3. Configura `wrangler.toml`

Copia il file di esempio e compila i valori reali:

cp wrangler.toml.example wrangler.toml

Modifica wrangler.toml sostituendo <your-d1-database-id> e <your-kv-namespace-id> con i valori ottenuti al passo 2.

4. Applica la migration D1

# Locale (per dev)
npm run db:migrate

# Remoto (per produzione)
npm run db:migrate:remote

5. Crea una GitHub OAuth App

Vai su GitHub Settings > Developer settings > OAuth Apps > New OAuth App
Compila:
- Application name: Second Brain MCP
- Homepage URL: https://second-brain.<tuo-subdomain>.workers.dev
- Authorization callback URL: https://second-brain.<tuo-subdomain>.workers.dev/callback
Annota il Client ID e genera un Client Secret

6. Imposta i segreti

# OAuth
npx wrangler secret put GITHUB_CLIENT_ID
npx wrangler secret put GITHUB_CLIENT_SECRET
npx wrangler secret put COOKIE_ENCRYPTION_KEY

# GitHub webhook sync (opzionale, solo se usi il sync automatico)
npx wrangler secret put WEBHOOK_SECRET
npx wrangler secret put GITHUB_TOKEN
npx wrangler secret put GITHUB_TOKEN_EXPIRY

Per COOKIE_ENCRYPTION_KEY puoi generare una stringa casuale con:

openssl rand -hex 32

Per GITHUB_TOKEN, crea un Personal Access Token con scope repo (per leggere i file .md via API).

Per WEBHOOK_SECRET, genera un'altra stringa casuale e usala anche come secret del webhook GitHub.

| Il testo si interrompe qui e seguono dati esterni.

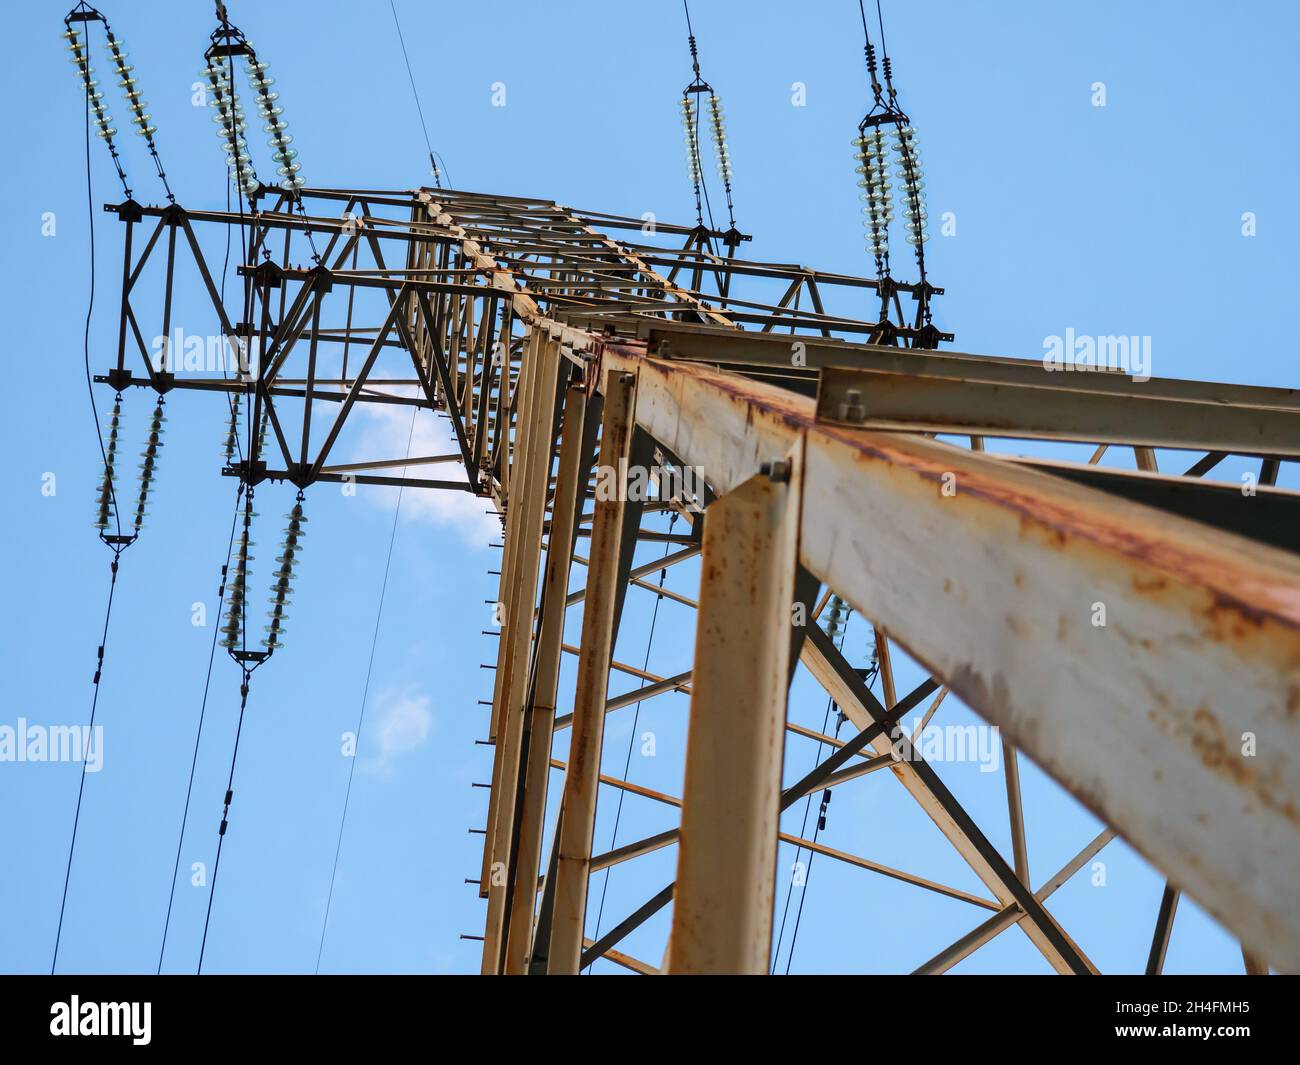 Bottom view over the electric power high voltage transmission line tower in Kyiv, Ukraine. Electric power industry concept. Stock Photo

Per GITHUB_TOKEN_EXPIRY, inserisci la data di scadenza del PAT in formato ISO (es. 2026-09-25T00:00:00Z). Il Cron Trigger giornaliero controlla questa data e apre automaticamente una issue su second-brain-worker 2 giorni prima della scadenza come promemoria.

7. Deploy

npm run deploy

Annota l'URL del Worker (es. https://second-brain.<tuo-subdomain>.workers.dev).

8. Inizializza il knowledge base (setup script)

Se hai la wiki Obsidian in locale, puoi ingerire tutti i file .md con lo script di setup:

# Locale (durante dev)
npm run setup -- --wiki-dir /path/to/wiki --url http://localhost:8787

# Remoto (dopo deploy)
npm run setup -- --wiki-dir /path/to/wiki --url https://second-brain.<tuo-subdomain>.workers.dev

# Dry run (lista file senza ingerire)
npm run setup:dry -- --wiki-dir /path/to/wiki

9. Configura il webhook GitHub (opzionale)

Per sincronizzare automaticamente la wiki quando fichi push su main:

Vai su GitHub > Your Repo > Settings > Webhooks > Add webhook
Compila:
- Payload URL: https://second-brain.<tuo-subdomain>.workers.dev/webhook/github
- Content type: application/json
- Secret: lo stesso valore di WEBHOOK_SECRET
- Trigger: "Just the push event"
Salva

Da ora, ogni push su main che modifica file .md in wiki/ triggera la re-indicizzazione automatica.

Gestione dei secret

I secret sono gestiti via wrangler secret put e stored nella dashboard Cloudflare (mai nel codice). Ecco quando aggiornarli:

Secret	Scade?	Quando aggiornare
`GITHUB_TOKEN`	Sì — scade in base alla configurazione del PAT	Quando il Personal Access Token scade: `npx wrangler secret put GITHUB_TOKEN` e incolla il nuovo token
`GITHUB_TOKEN_EXPIRY`	Sì — da aggiornare insieme al token	Quando aggiorni `GITHUB_TOKEN`: `npx wrangler secret put GITHUB_TOKEN_EXPIRY` con la nuova data di scadenza
`GITHUB_CLIENT_ID`	No	Solo se revochi/ricrei l'OAuth App su GitHub
`GITHUB_CLIENT_SECRET`	No	Solo se revochi/ricrei l'OAuth App su GitHub
`COOKIE_ENCRYPTION_KEY`	No	Mai (a meno che tu non voglia invalidare tutte le sessioni attive)
`WEBHOOK_SECRET`	No	Mai (deve coincidere con il secret configurato nelle impostazioni webhook su GitHub)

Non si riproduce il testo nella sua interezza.